What you should do:
In the answer, transcribe exactly the lines from the beginning of the material through the line holding "Find My Old Car Registration Number", and skip every picture.
━━━━━ Stored data
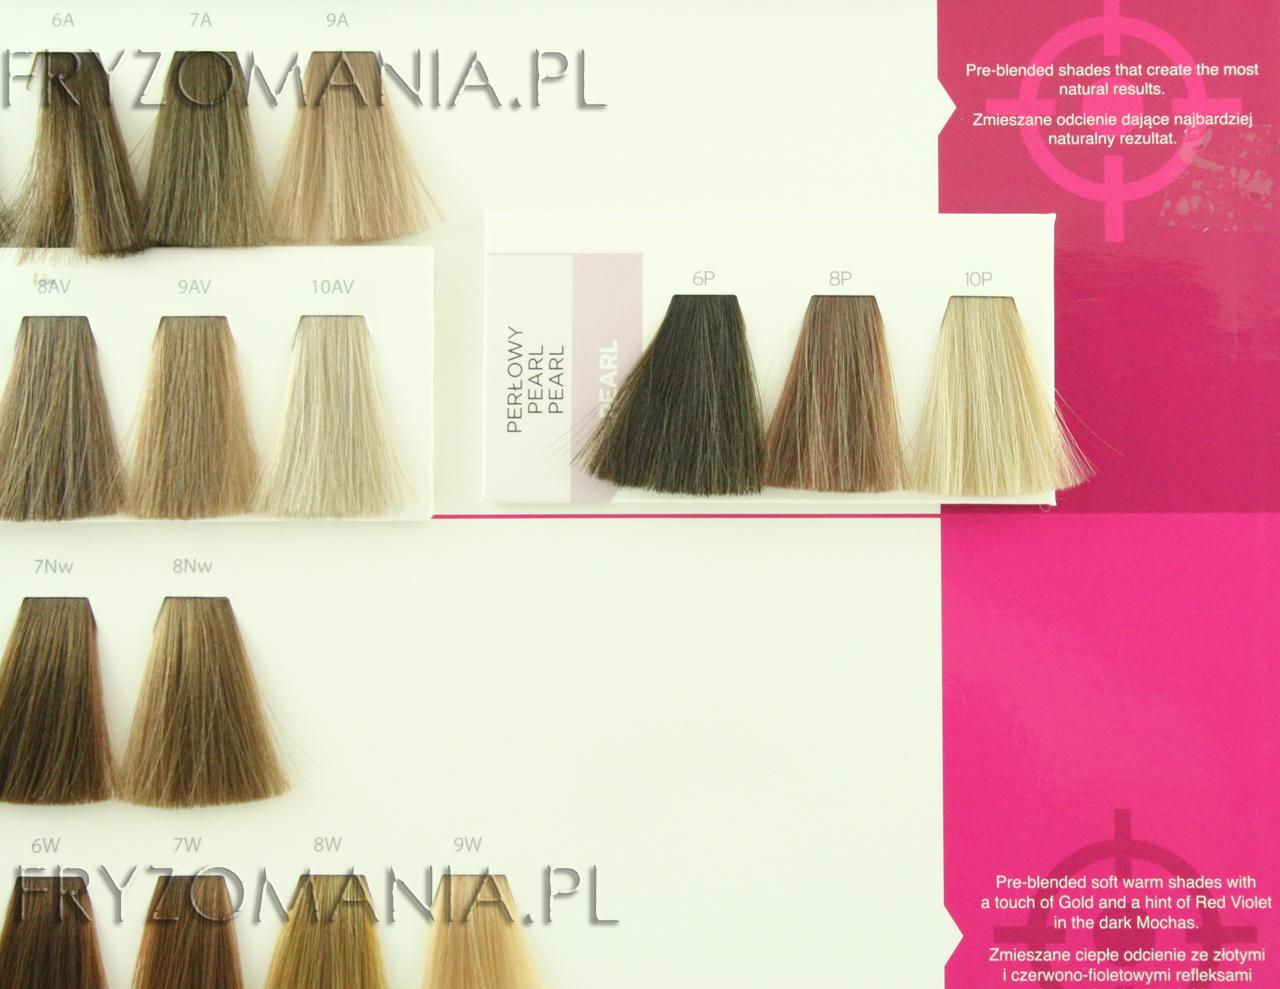 Matrix socolor honey creme hair color swatch book case vgc pics photos matrix socolor color sync mocha swatches pictures nvjuhfo Images
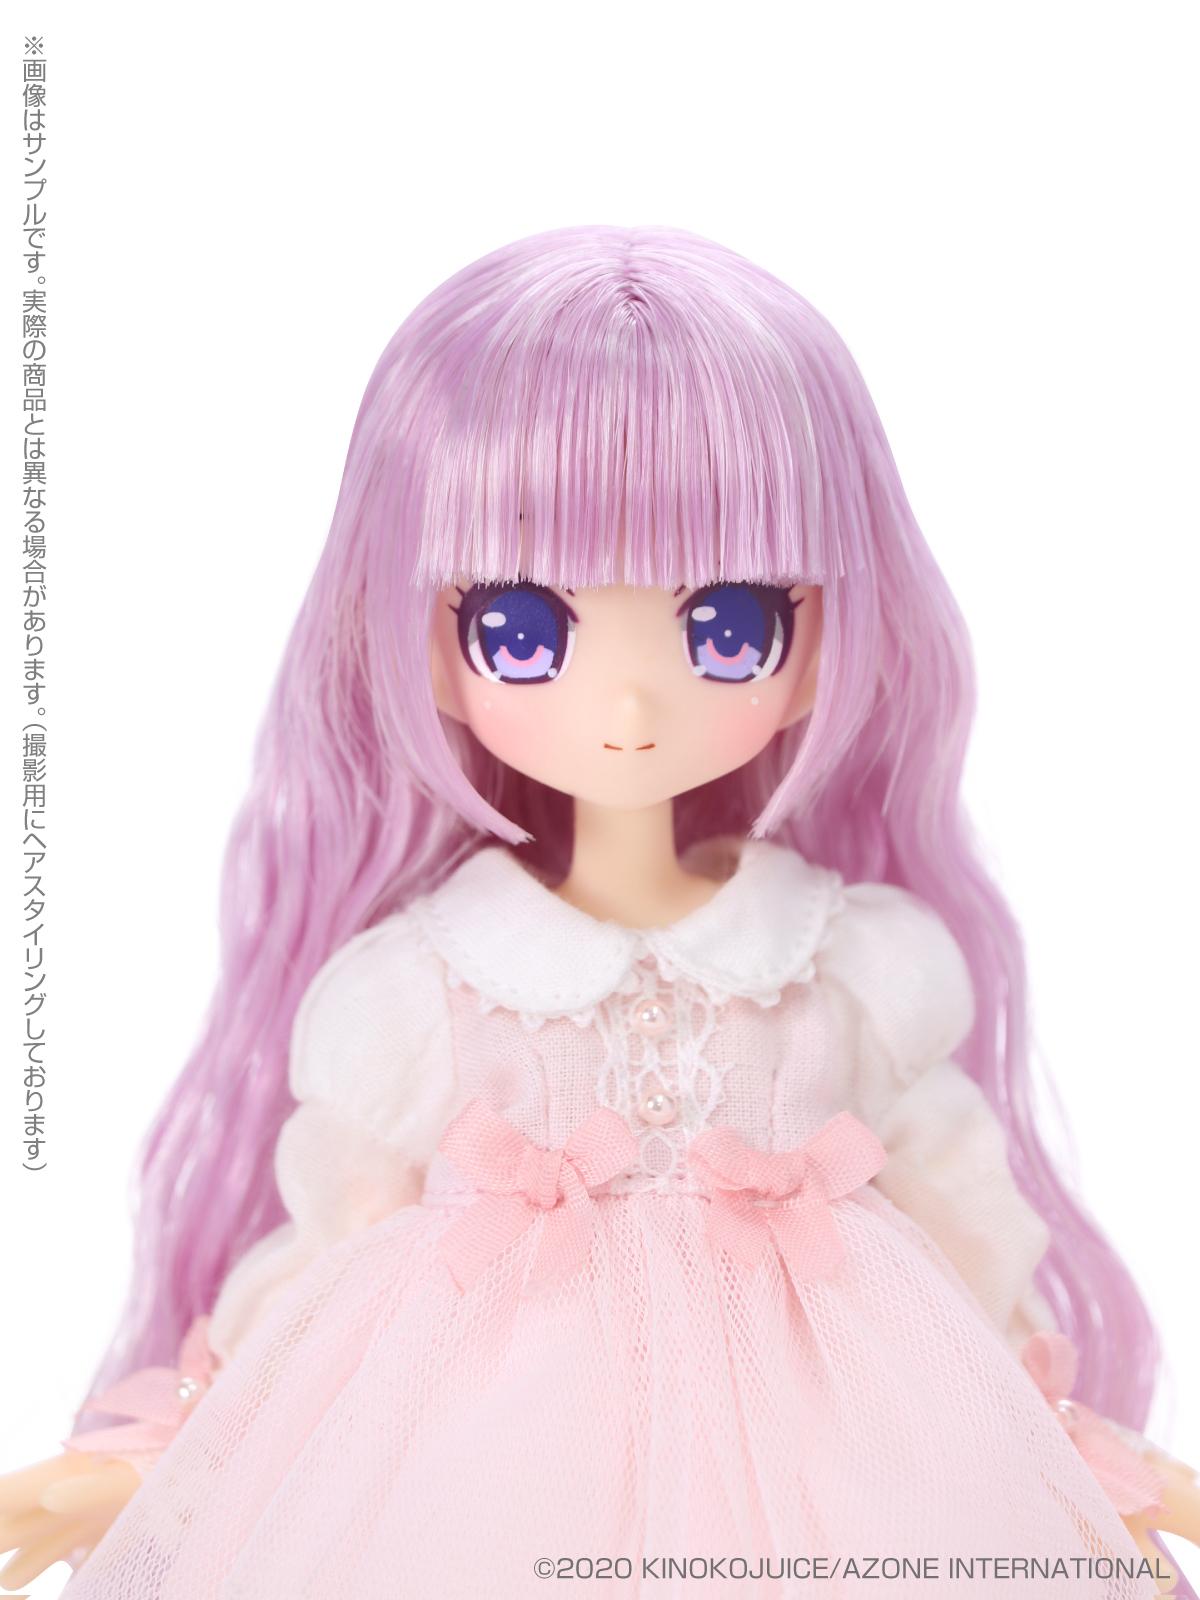 キノコジュース×Lil'Fairy『Twinkle☆Candy Girls/エルノ』1/12 完成品ドール-001
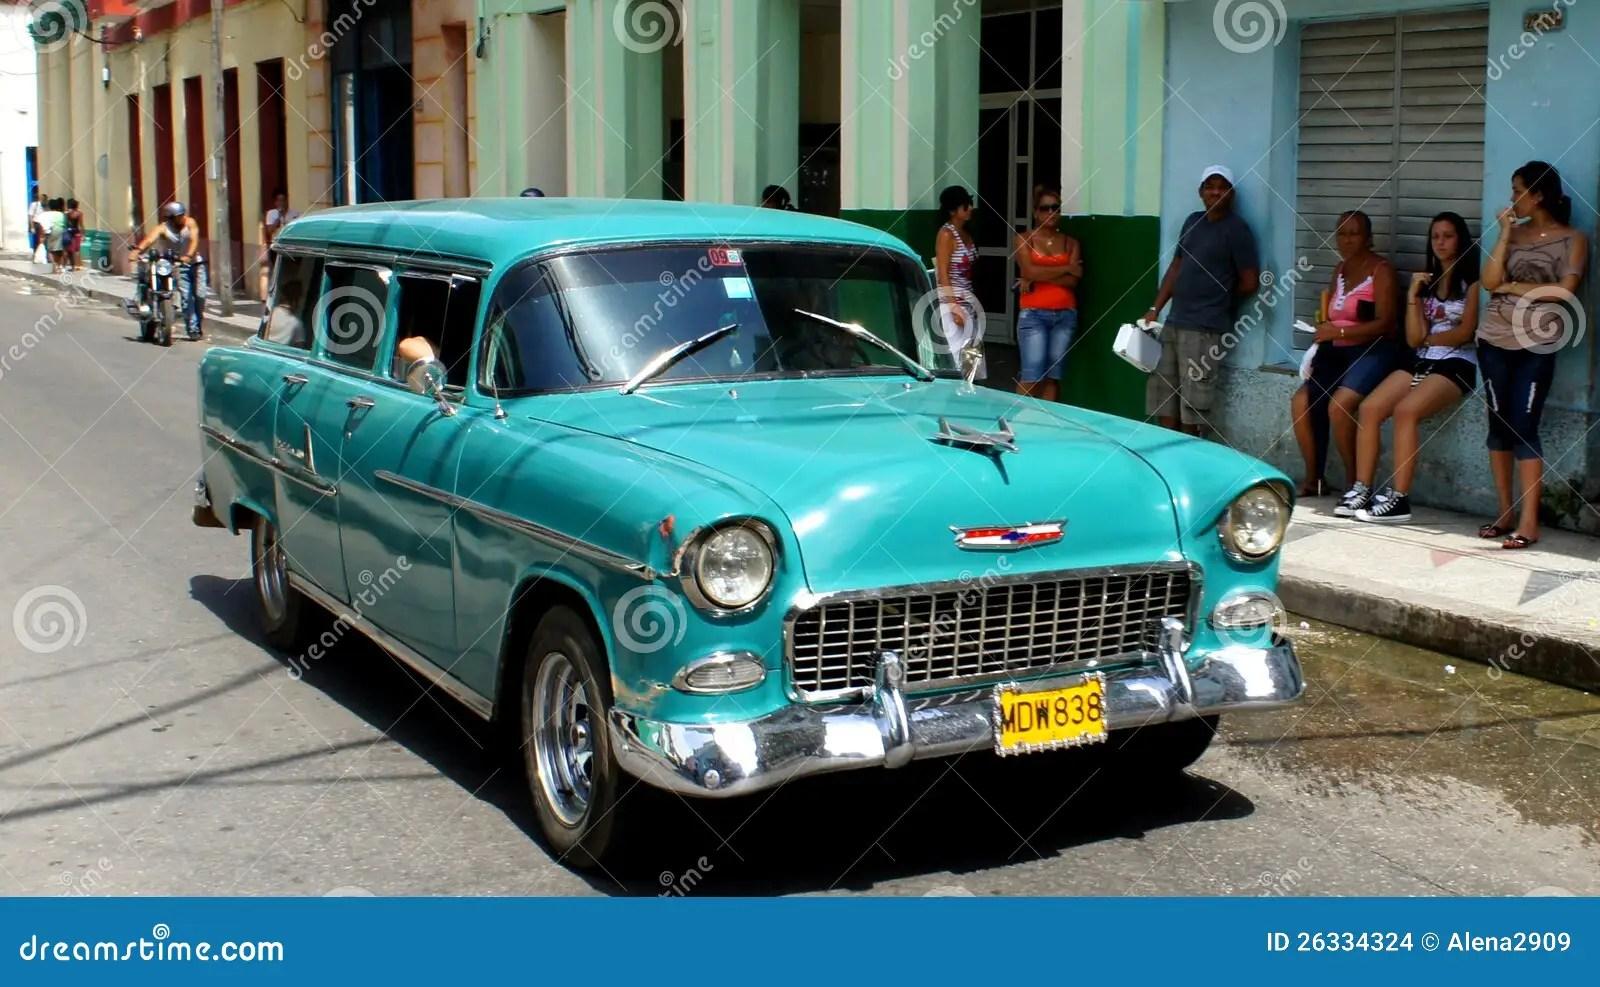 Find My Old Car Registration Number
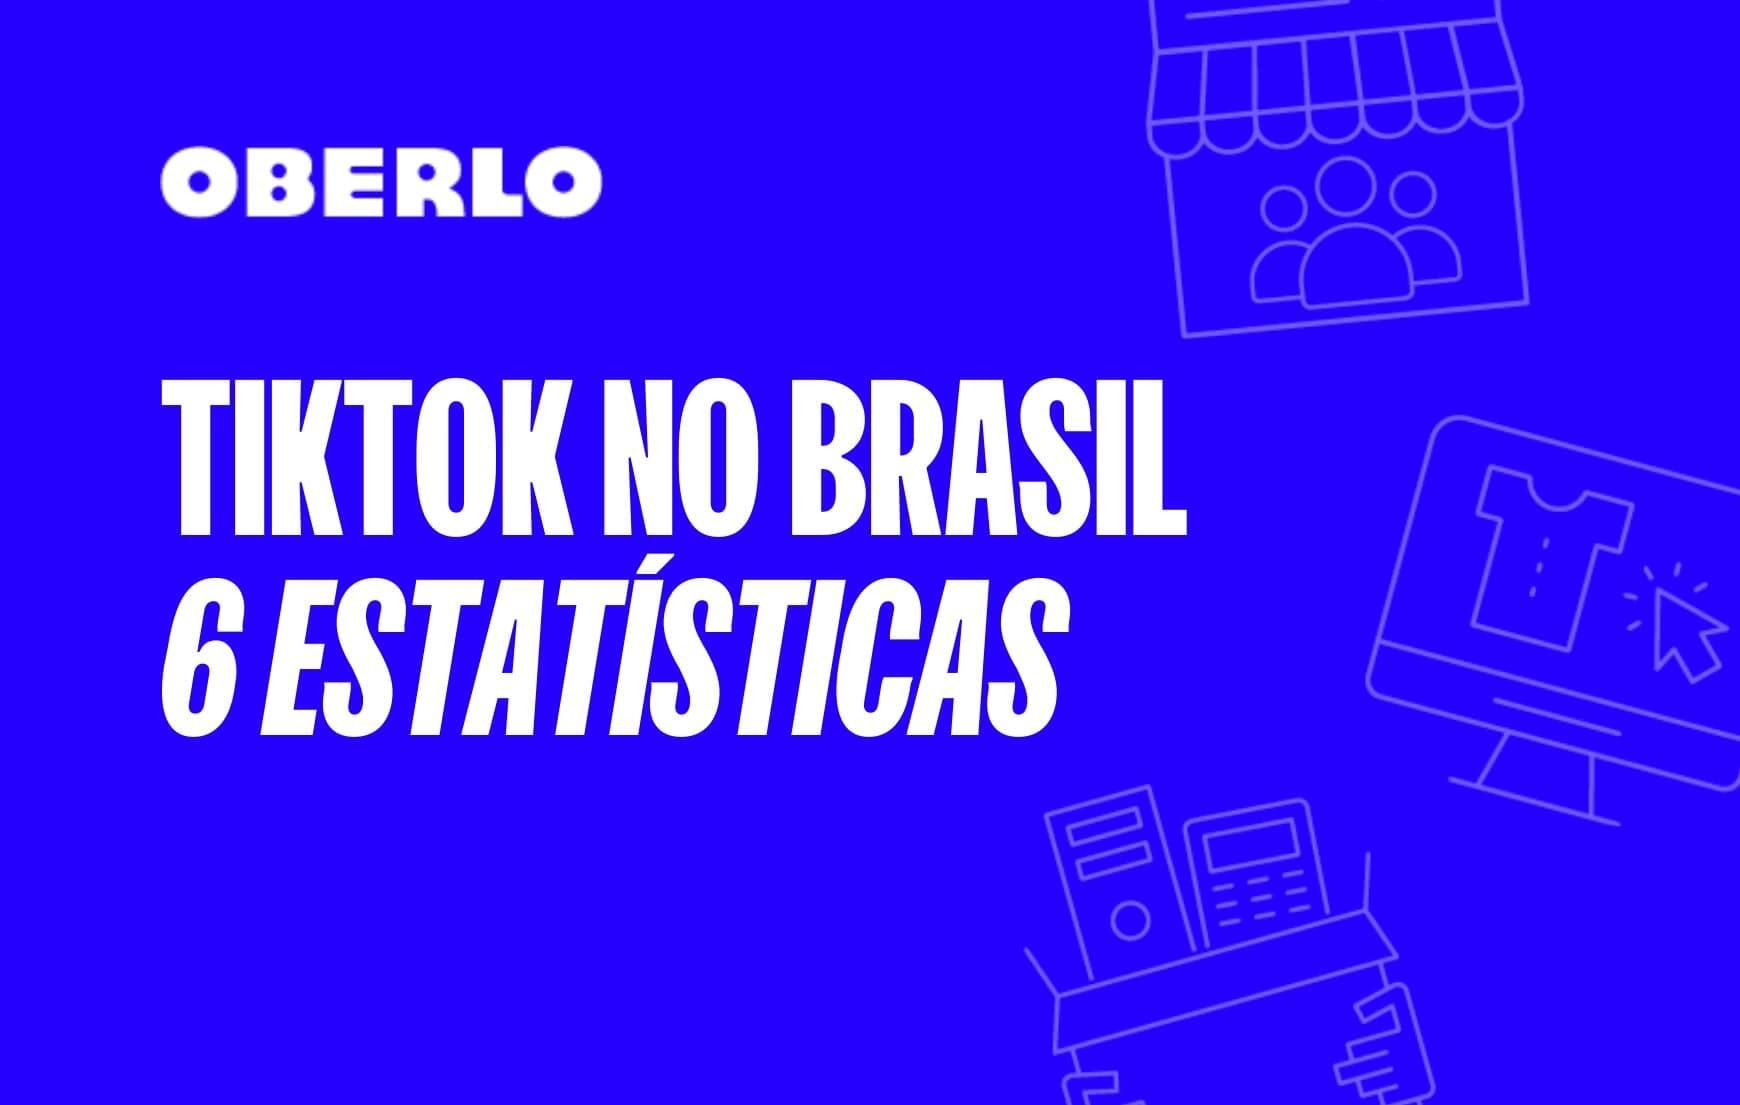 Nova rede social em números: TikTok no Brasil [INFOGRÁFICO] | Oberlo
━━━━━━━━━━
Response to the task:
 Matrix socolor honey creme hair color swatch book case vgc pics photos matrix socolor color sync mocha swatches pictures nvjuhfo Images
 キノコジュース×Lil'Fairy『Twinkle☆Candy Girls/エルノ』1/12 完成品ドール-001
 Find My Old Car Registration Number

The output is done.